Detailed Description

Various products involving matrices, vectors and more general arrays and views.

Functions

template<Vector X, Vector Y>
requires (nda::mem::have_host_compatible_addr_space<X, Y>)
auto nda::linalg::cross_product (X const &x, Y const &y)
 Compute the vector cross product.
template<typename X, typename Y>
requires ((Scalar<X> and Scalar<Y>) or (Vector<X> and Vector<Y>))
auto nda::linalg::dot (X const &x, Y const &y)
 Compute the dot product of two nda::vector objects or the product of two scalars.
template<bool star = false, Vector X, Vector Y>
requires (Scalar<get_value_t<X>> and Scalar<get_value_t<Y>> and mem::have_host_compatible_addr_space<X, Y>)
auto nda::linalg::dot_generic (X const &x, Y const &y)
 Generic loop-based dot product implementation for vectors.
template<typename X, typename Y>
requires ((Scalar<X> and Scalar<Y>) or (Vector<X> and Vector<Y>))
auto nda::linalg::dotc (X const &x, Y const &y)
 Compute the dotc (LHS operand is conjugated) product of two nda::vector objects or the product of two scalars.
template<Matrix A, Matrix B>
requires (mem::have_compatible_addr_space<A, B>)
auto nda::linalg::matmul (A &&a, B &&b)
 Compute the matrix-matrix product of two nda::Matrix objects.
template<Matrix A, Vector X>
requires (mem::have_compatible_addr_space<A, X>)
auto nda::linalg::matvecmul (A const &a, X const &x)
 Compute the matrix-vector product of an nda::Matrix and an nda::Vector object.
template<blas_lapack::BlasArray A, blas_lapack::BlasArrayFor< A > B>
requires (blas_lapack::has_C_layout<A, B> or blas_lapack::has_F_layout<A, B>)
auto nda::linalg::outer_product (A const &a, B const &b)
 Outer product of two arrays/views.

Function Documentation

◆ cross_product()

template<Vector X, Vector Y>
requires (nda::mem::have_host_compatible_addr_space<X, Y>)
auto nda::linalg::cross_product ( X const & x,
Y const & y )

#include <nda/linalg/cross_product.hpp>

Compute the vector cross product.

It computes \( \mathbf{x} \times \mathbf{y} \) of two 3-dimensional vectors \( \mathbf{x} \) and \(\mathbf{y} \).

Note
\( \mathbf{x} \) and \( \mathbf{y} \) are required to satisfy nda::mem::have_host_compatible_addr_space.
Template Parameters
Xnda::Vector type.
Ynda::Vector type.
Parameters
xInput vector \( \mathbf{x} \).
yInput vector \( \mathbf{y} \).
Returns
nda::vector containing the cross product of the two vectors.

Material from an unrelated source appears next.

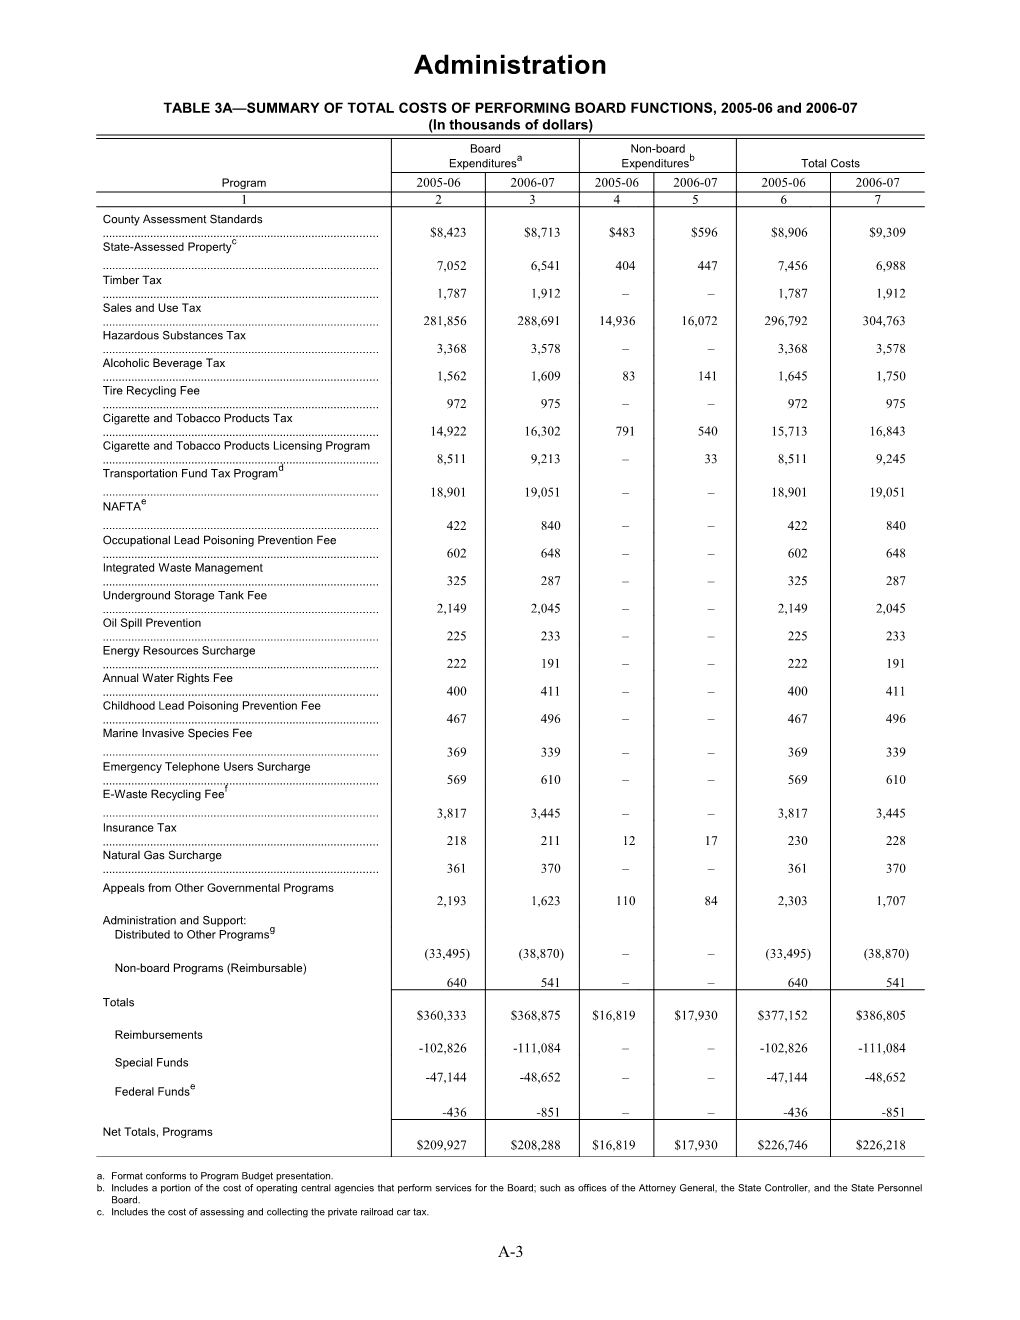 TABLE 3A SUMMARY of TOTAL COSTS of PERFORMING BOARD FUNCTIONS, 2005-06 and 2006-07

Definition at line 39 of file cross_product.hpp.

◆ dot()

template<typename X, typename Y>
requires ((Scalar<X> and Scalar<Y>) or (Vector<X> and Vector<Y>))
auto nda::linalg::dot ( X const & x,
Y const & y )

#include <nda/linalg/dot.hpp>

Compute the dot product of two nda::vector objects or the product of two scalars.

The behaviour of this function is identical to nda::blas::dot, except that it allows

  • the two input objects to be scalars,
  • lazy expressions as input vectors,
  • the value types of the input vectors to be different from each other and
  • the value types of the input vectors to be different from nda::is_blas_lapack_v.

For scalars, it performs simple scalar multiplication. For vectors, it calls nda::blas::dot if possible, otherwise it falls back to nda::linalg::dot_generic.

Note
The first argument is never conjugated. Use nda::linalg::dotc for that.
Template Parameters
Xnda::Vector or nda::Scalar type.
Ynda::Vector or nda::Scalar type.
Parameters
xInput vector/scalar.
yInput vector/scalar.
Returns
Result of the dot product/scalar multiplication.

Definition at line 108 of file dot.hpp.

◆ dot_generic()

template<bool star = false, Vector X, Vector Y>
requires (Scalar<get_value_t<X>> and Scalar<get_value_t<Y>> and mem::have_host_compatible_addr_space<X, Y>)
auto nda::linalg::dot_generic ( X const & x,
Y const & y )

#include <nda/linalg/dot.hpp>

Generic loop-based dot product implementation for vectors.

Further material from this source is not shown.